Draining, yes, thank you Raaraaboonah, not just me. I feel like my own personal battery just doesn't hold it's charge for long lately, I need to be tagged out from parenting more often. The huge over reactions that are really difficult to manage, especially with an audience, more so when the audience is his own peers. Tempting to just stay at home to avoid embarrassing scenes.

But then lately he has also been very loving at times, out of the blue says "thanks for being a good mum", hunted me down specially to thank me for making a nice dinner, I assumed DH had sent him to say this, sensing I was at a low ebb, but apparently not.

stottiecake · 26/11/2018 14:15

I have two boys 7 and 10. They go through phases of this. I made up this thing where they can earn 'straight away stars' for doing things when asked straight away. They get a sticky star to put on a chart every time they do something they're asked straight away and then when the chart is full they get to have a rummage in a bag of prizes (little cars and stuff I find on my travels around charity shops!). They got quite into it - I got bored of doing it after a while and it fizzled out but they haven't (yet!) relapsed to frustrating and infuriating levels of arsing about when I ask them to do anything.

stottiecake · 26/11/2018 14:17

I think the key thing is that the prizes are secret so they don't weigh up whether it is worth doing what they are asked straight away or not. Plus there is an element of competition in that they want to get a prize before the other.

Starstruck2020 · 26/11/2018 14:23

I have three hovering around that age group. Nice to not feel like the only one... I feel your pain. Mine are driving me slowly insane

Raaraaboonah · 26/11/2018 14:47

a slow trip to insanity is what i feel too.

yesterday we had a 'discussion' as he had refused to put a coat on when we had to go out. i put the coat in the car anyway as it was ruddy freezing and then he complained he was cold so i told him to put it on. all mindless and pointless dispute right?

until later that evening he called me a liar for saying that he hadn't put his coat on earlier. sometimes i feel like i'm mad - my own child is gaslighting me.

but then he tells me that i'm the best mum ever and he loves me more than anything in the world.

His teacher recently mentioned that he thought he has autistic traits and we might want to look at getting a diagnosis for him so now i'm wondering how much is standard 9 year old and what might be something additional related to that or anxiety. i've never had a 9 year old before - i don't know what they are 'supposed' to do! #outofdepthparenting

KingLooieCatz · 02/12/2018 13:58

@Raaraaboonah I gave mine short shrift yesterday for twisting my words. I'm going to be all over it from now. It becomes very "poor me" mentality.

AvoidingDM · 02/12/2018 14:46

Oh shit, I was hoping he'd suddenly become cooperative the second he turns 8. You guys are telling me it gets worse. Oh fuck!!!

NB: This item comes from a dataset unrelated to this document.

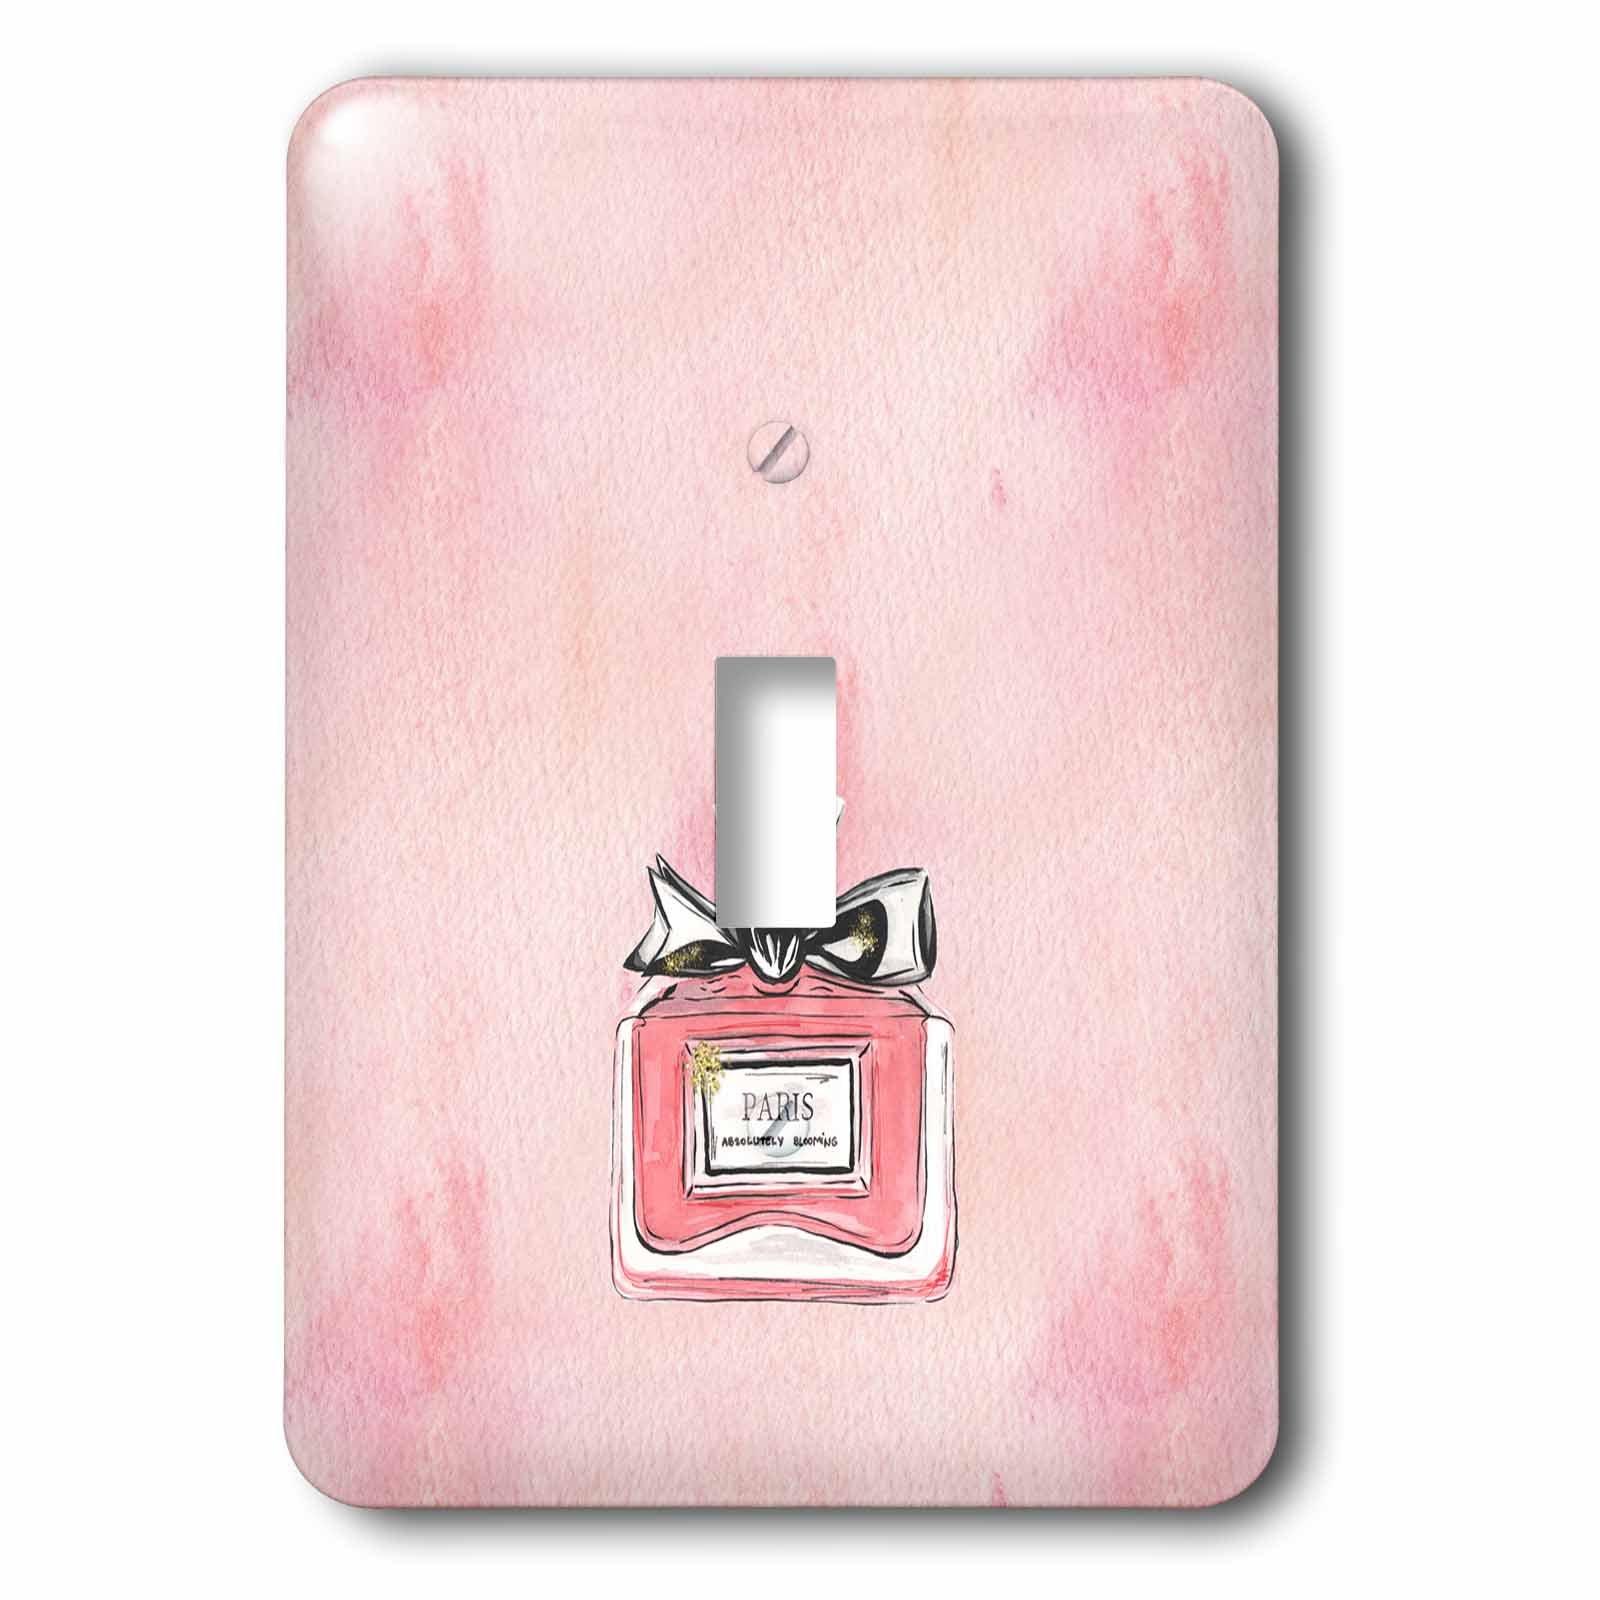 3dRose Uta Naumann Watercolor Illustration - Pink Luxury Girly Chic Perfume Illustration on Grunge Pink - Light Switch Covers - single toggle switch (lsp_267033_1)
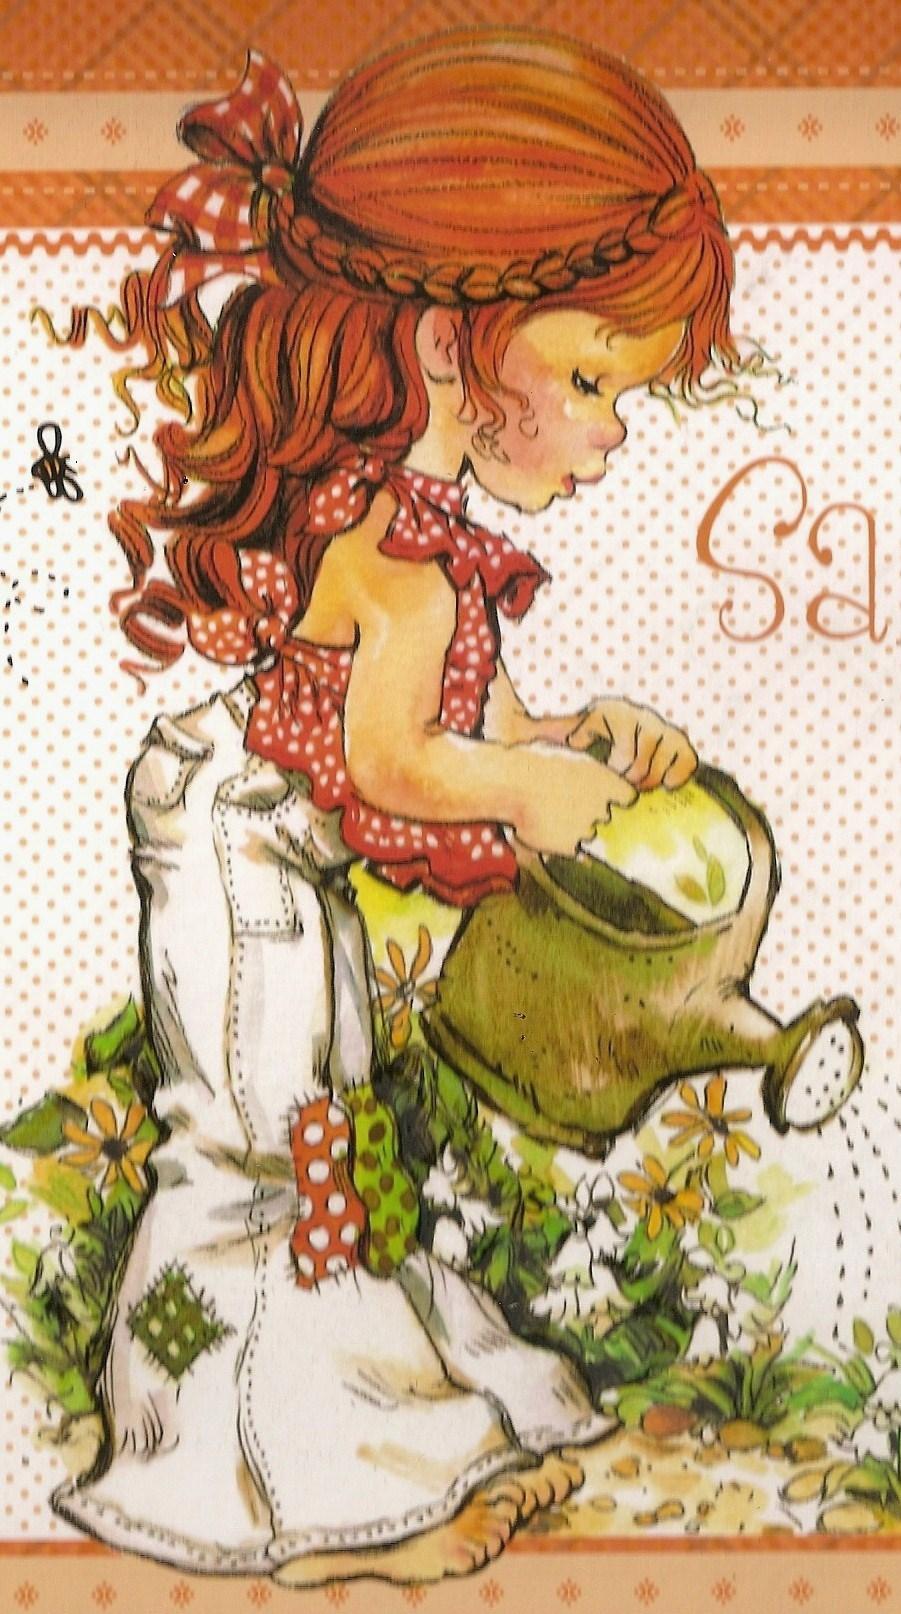 Sarah-Kay-Via-Tracy-wallpaper-wp5003804

Longdistance · 02/12/2018 15:04

I’ve nagged my 9yo dd for weeks to tidy her bedroom. The deal is she gets horse riding lessons. She hasn’t had a lesson in two weeks 🤷🏼‍♀️ Has saved us a few quid.

BikeRunSki · 02/12/2018 15:09

My 10 year old ds is grumpy, resistant to any kind of change and uncooperative. It’s nothing to do with his age, he has always been like this.
My 7 year old dd can’t do enough for you.

SawnUpLooRoll · 02/12/2018 15:28

Both of mine can be so, SO difficult when they're sucked into something and would rather do that than whatever mundane thing I have planned/is necessary for survival.

I'd love to have the handbook that tells you how long to be Mary Poppins for, and when to switch to Roaring Overlord mode, and whether there are any inbetween stages.

I like the Straight Away Stars idea!